That's true the lipstick I may not use all. But I really love the design. Also it would be able to fit essential (like a card holder, key pouch, tissue etc) I think it's good enough for my use. The red one is from last year also same size. 
This is the youtube I found that has the red case turn to clutch (same size as the black one this year).
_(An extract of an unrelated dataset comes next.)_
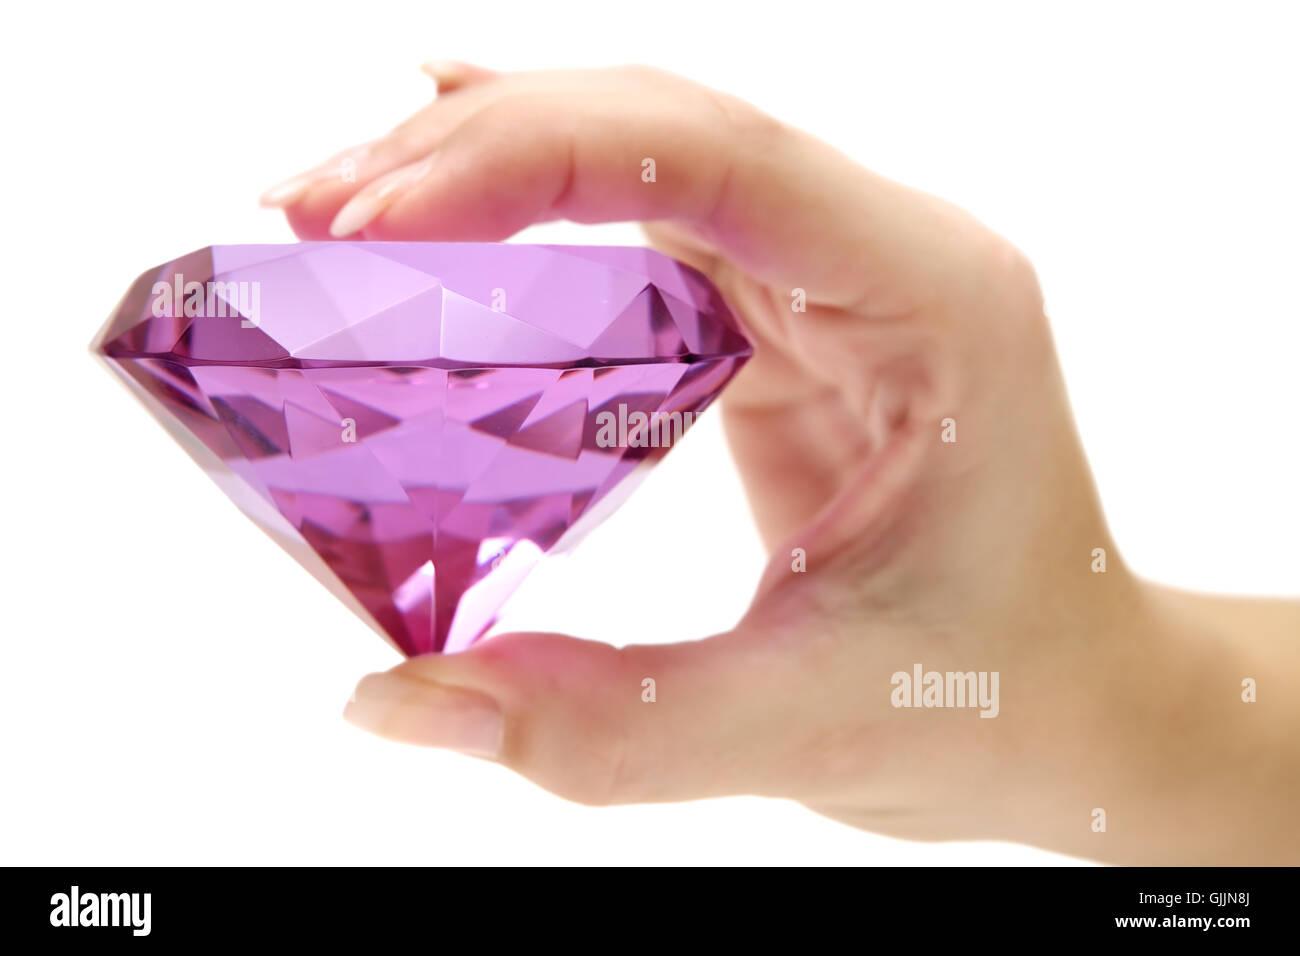 Diamond Jewelry Hand Stock Photos & Diamond Jewelry Hand Stock ...

The mod shot starts at 10 minute.


----------



## shazzy99

No extra goodies in Australia except for samples, but that’s normal. I have cases that I’ve received previously, so not fussed.

So excited to receive this today and I can’t wait to use the lipstick holder especially. I think it’s nice too that the clutch part has a mirror inside. Really happy with it.


----------



## ChanelCanuck

Does anyone know if/when Canada is releasing theirs?


----------



## lv_hermes_prada

I know it’s coming soon in Canada. Just yesterday it showed up on the Sephora website as “coming soon”. Holt Renfrew will get it too.


----------



## fibbi

ChanelCanuck said:


> Does anyone know if/when Canada is releasing theirs?


I saw in the Bay yesterday for the display . The sales lady says it is coming soon and will take preorder .


----------



## Thaotran

It’s online on Holt Renfrew and Shoppers/Pharmaprix!


----------



## totally

Thaotran said:


> It’s online on Holt Renfrew and Shoppers/Pharmaprix!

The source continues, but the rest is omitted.